In my PhD thesis, I am working with differential expression analysis, trying to verify genes related to thermoregulation in beef cattle.
I have 66 sequenced, paired-end RNA samples, divided into 2 lanes per sample.
The first steps were to check the quality of these samples by FASTQC, then do the trimming (using the Trimmomatic software with the parameters: LEADING: 30 TRAILING: 30 SLIDINGWINDOW: 5: 20 AVGQUAL: 20 MINLEN: 50) and then checking the quality again of these samples by FASTQC.
The FASTQC reports did not show anything out of the ordinary, so I proceeded to align the samples using the Hisat2 software.
All of these steps were done on the Linux terminal in bash.
Post alignment I went to the R software, to count reads with FeatureCounts, the command I used was as follows:
fc <- featureCounts(files = fls, annot.ext ='/home/.../Bos_taurus.ARS-UCD1.2.102.gtf' , isGTFAnnotationFile = TRUE, GTF.featureType = "exon", GTF.attrType = "gene_id", useMetaFeatures = TRUE, strandSpecific = 0, isPairedEnd = TRUE, nthreads = 30)
As my samples were in two lanes, I added the read count by samples with the following command:
cont_fc2=(cont_fc[1:(ncol(cont_fc)-1)] + cont_fc[2:ncol(cont_fc)])[c(T,F)]
That done, I started to analyze the differential expression with Deseq. The results I got were few genes differentially expressed as in the example below:
out of 20328 with nonzero total read count adjusted p-value <0.1 LFC> 0 (up): 1, 0.0049% LFC <0 (down): 4, 0.02% outliers : 22, 0.11% low counts : 0, 0% (mean count <0)
Most of the analyzes were made using the “Beginner's guide to using the DESeq2 package”, by Love, M .; Anders, S. and Huber, W.
I did the test with EdgeR, but the results were similar.
To check if I did something wrong, I used the data that was used in the mentioned guide, data from the "parathyroidSE" package and also the raw RNA sequencing data mentioned in this guide so that I could do the same steps that I did with my data.
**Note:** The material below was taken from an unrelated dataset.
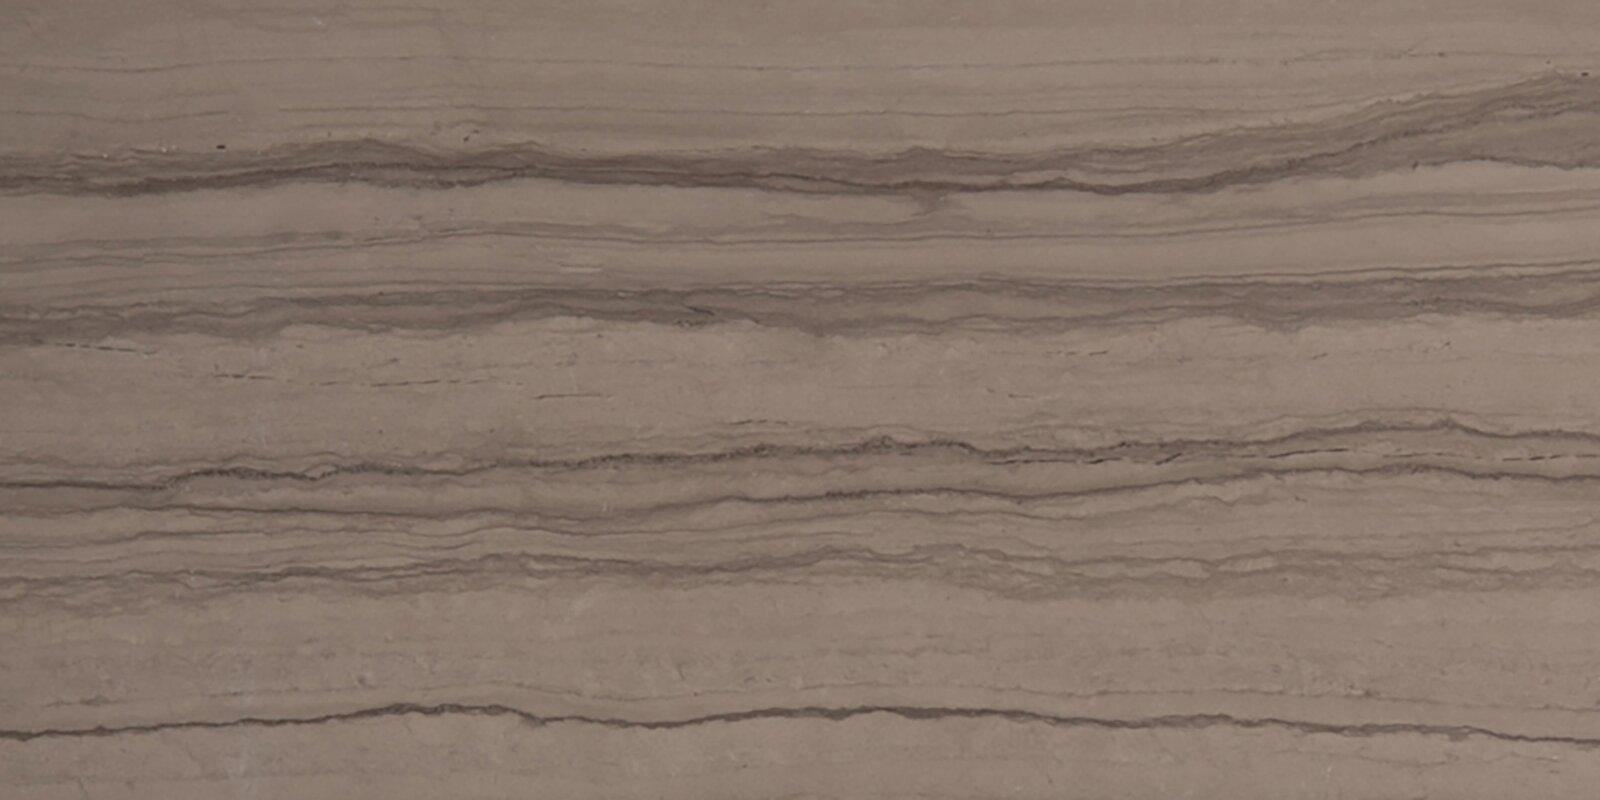 Awesome 1 Inch Ceramic Tile Tall 12 X 12 Ceiling Tiles Regular 12 X 24 Floor Tile 12X24 Ceramic Tile Young 16X16 Floor Tile Red18X18 Tile Flooring Emser Tile Metro 3\

I used the same parameters that I used in my data. This was done to check if something I did before the differential expression analysis, had an influence on the low results I found.
The results were as follows:
results with the ready-made data from the “parathyroidSE” package:
out of 32082 with nonzero total read count adjusted p-value <0.1 LFC> 0 (up): 38, 0.12% LFC <0 (down): 44, 0.14% outliers : 0, 0% low counts : 24200, 75% (mean count <210)
results with the parameters I used in my alignment:
out of 25980 with nonzero total read count adjusted p-value <0.1 LFC> 0 (up): 14, 0.054% LFC <0 (down): 14, 0.054% outliers : 0, 0% low counts : 22,946, 88% (mean count <116)
As you can see, there is a smaller amount of genes when I used the steps I did in my alignment. Can anyone help me with suggestions of what may have happened?